I already considered for my iteration 0 proposal whether I want
history diffs and decided that I wouldn't want a log message attached
(my patches go through too much iterations, so that I always write the
log message only when I commit).
> Remember the first premise, that a dump file is just a history diff
> on the empty tree? A repo is nothing but a sequence of history diffs.
> The moment that you say your local objects are history diffs, *you've
> just reinvented the repo*!
> *FLUSH* gurglegurglegurgle
> And that was the sound of "local patch management" going down the
Not really. I carry around with me the idea of how to improve patch
management in Subversion for a long time already. And one of the
implementation ideas I have gone through is to "simply" drive the
existing WC editors with the equivalent of what the server would send
for an update. So using action or history diffs is nothing new to
me... I just didn't have a name for them until this thread began.

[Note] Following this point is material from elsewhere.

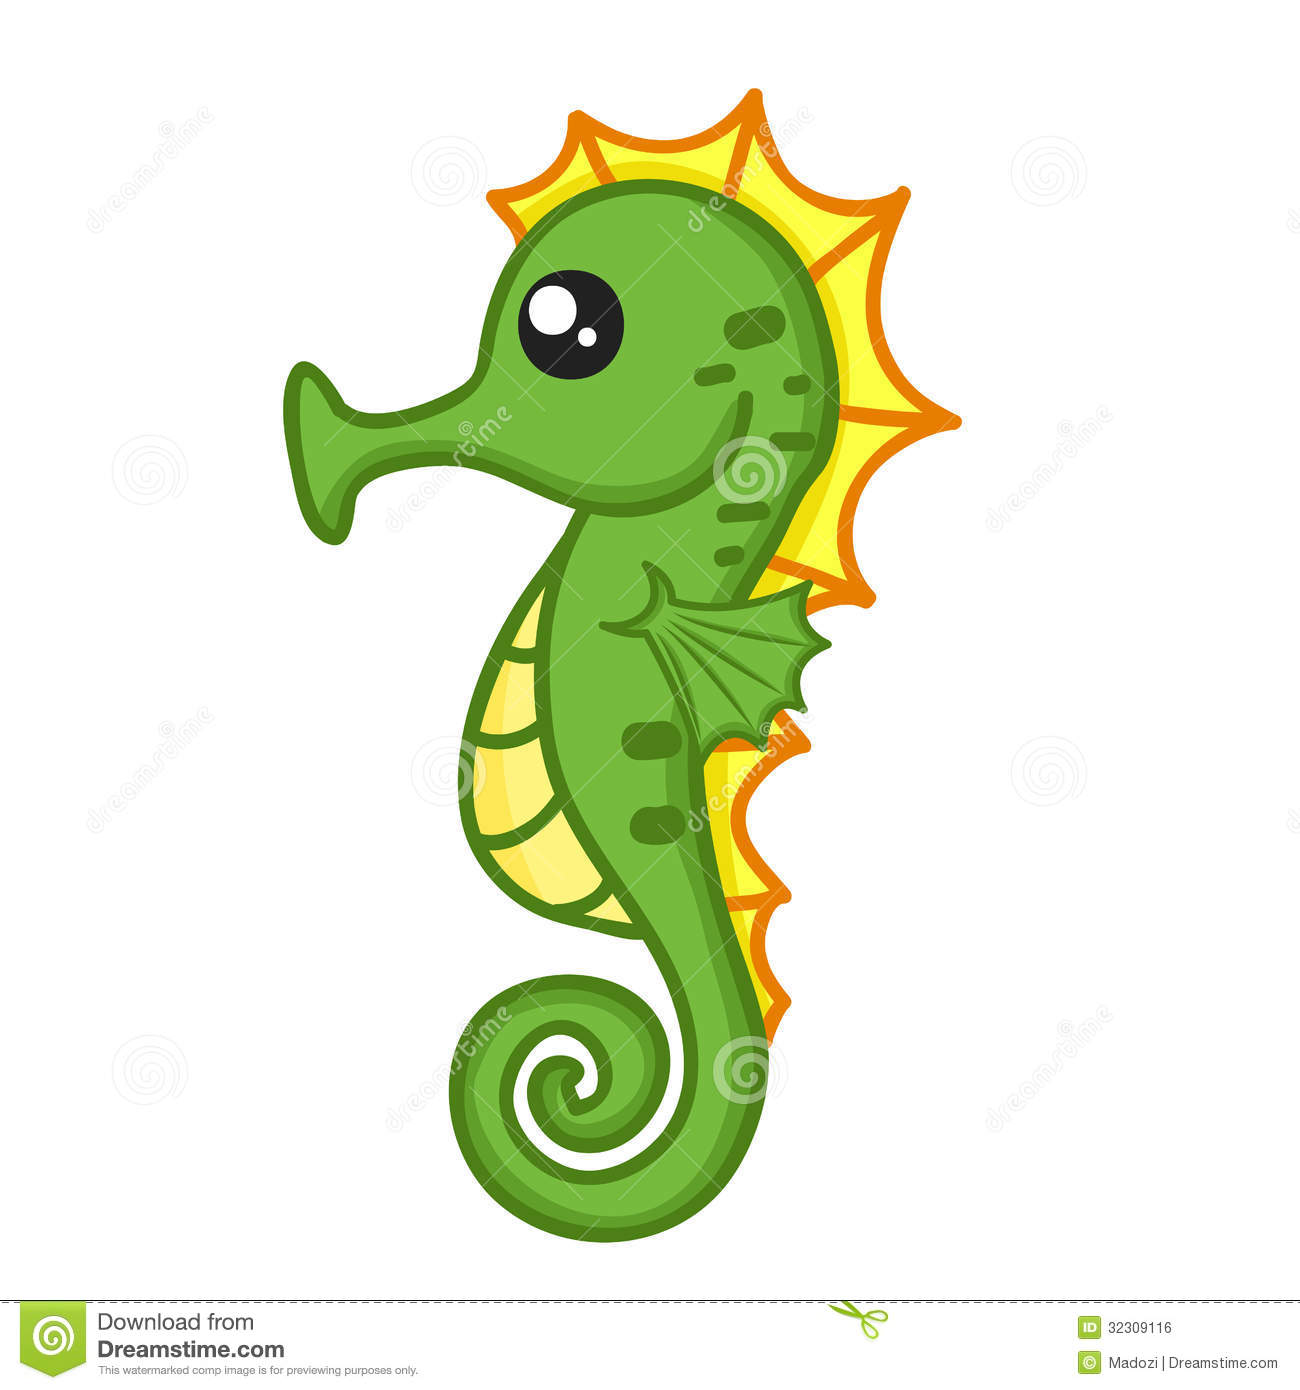 Seahorse Clipart - Clipart Kid

I explained in my other email why I don't think this is the equivalent
of a local Subversion repository.
Back to your premise: a dump file is a list of history diffs. A
repository is a dump file applied in order. But it's also more: it's a
filesystem with constraints (you cannot delete any of the history
So... not every storage of history diffs implies an order/sequence or
means you cannot delete those diffs anymore. (Although history diffs
started with an order in mind, you can easily exchange them as long as
the exchange doesn't create a conflict).
So yes, patch management is some kind of repository, but it's not a
Subversion repository, except if you put some wrapper around it to
handle its constraints.
It's getting late (4am) and I cannot express myself well anymore (if I
ever could), so I'll let this rest for now and see if I can explain it
better when I am up again.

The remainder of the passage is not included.